Kinderallergologen warnen: Unerwünschte Nebenwirkungen nach Kaiserschnitt

In Deutschland kommt inzwischen etwa jedes dritte Kind per Kaiserschnitt auf die Welt. Kinderallergologen sehen diese hohe Zahl mit Sorge. Sie verweisen nicht nur auf akute Risiken für Mutter und Kind wie Narkoseprobleme und Infektionsgefahren, sondern warnen vor allem vor möglichen Langzeitfolgen: Mit Kaiserschnitt entbundene Kinder haben ein um 20 Prozent höheres Risiko, Asthma bronchiale zu entwickeln.

In den vergangenen 50 Jahren ist der Anteil von Kaiserschnitten an allen Geburten fast weltweit angestiegen. Während z. B. in England 1953 nur zwei Prozent der Kinder mit Kaiserschnitt geboren wurden, lag die Rate 1997 bereits bei 18, 2001 bei 21 und aktuell bei 30 Prozent.
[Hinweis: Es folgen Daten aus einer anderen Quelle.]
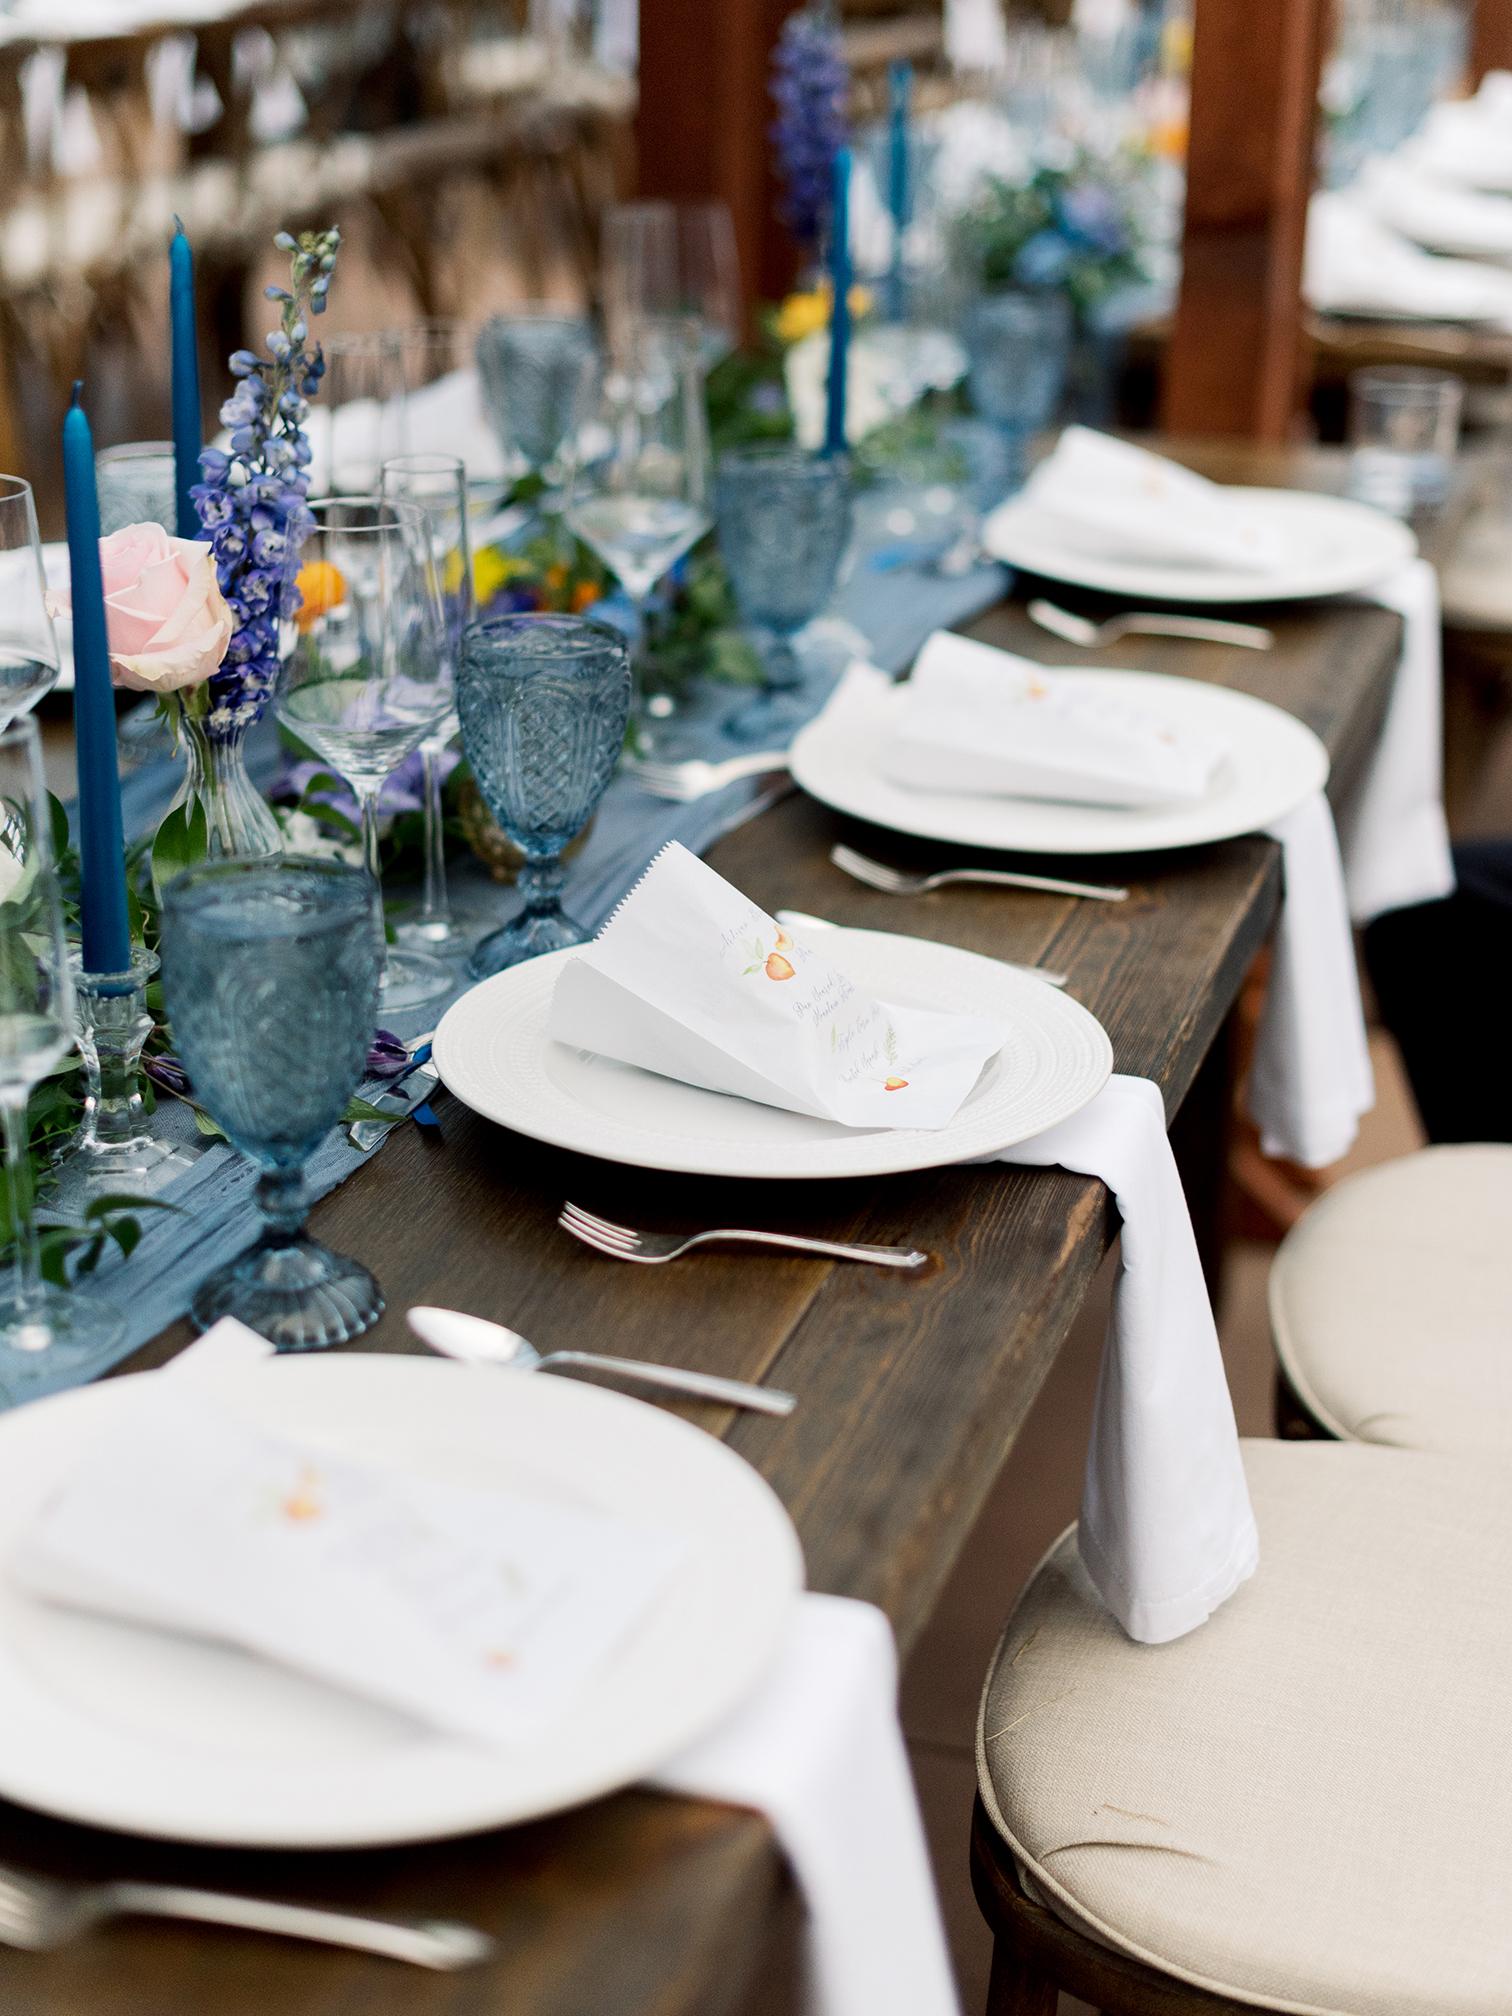 Colorado Wedding Photographers, Custom Stationary, Colorado summer Weddings, Rustic Table Decor

Auch in Deutschland kommt heute etwa jedes dritte Kind per Kaiserschnitt auf die Welt. „Oft sind es medizinische Gründe, die einen Kaiserschnitt unumgänglich machen“, erklärt Prof. Dr. Matthias Kopp (Kiel), Sprecher der wissenschaftlichen Arbeitsgruppe „Prävention“ der Gesellschaft für Pädiatrischen Allergologie und Umweltmedizin (GPA) und Vorsitzender des Präventions- und Informationsnetzwerkes Asthma und Allergie (PINA e.V.). „In zunehmendem Maße wünschen sich Mütter aber eine Schnittentbindung auch ohne medizinische Indikation.“ Im Englischen gibt es eine griffige Formulierung für diese Mütter, denen unterstellt wird, „too posh to push“ – „zu fein zum Pressen“ zu sein.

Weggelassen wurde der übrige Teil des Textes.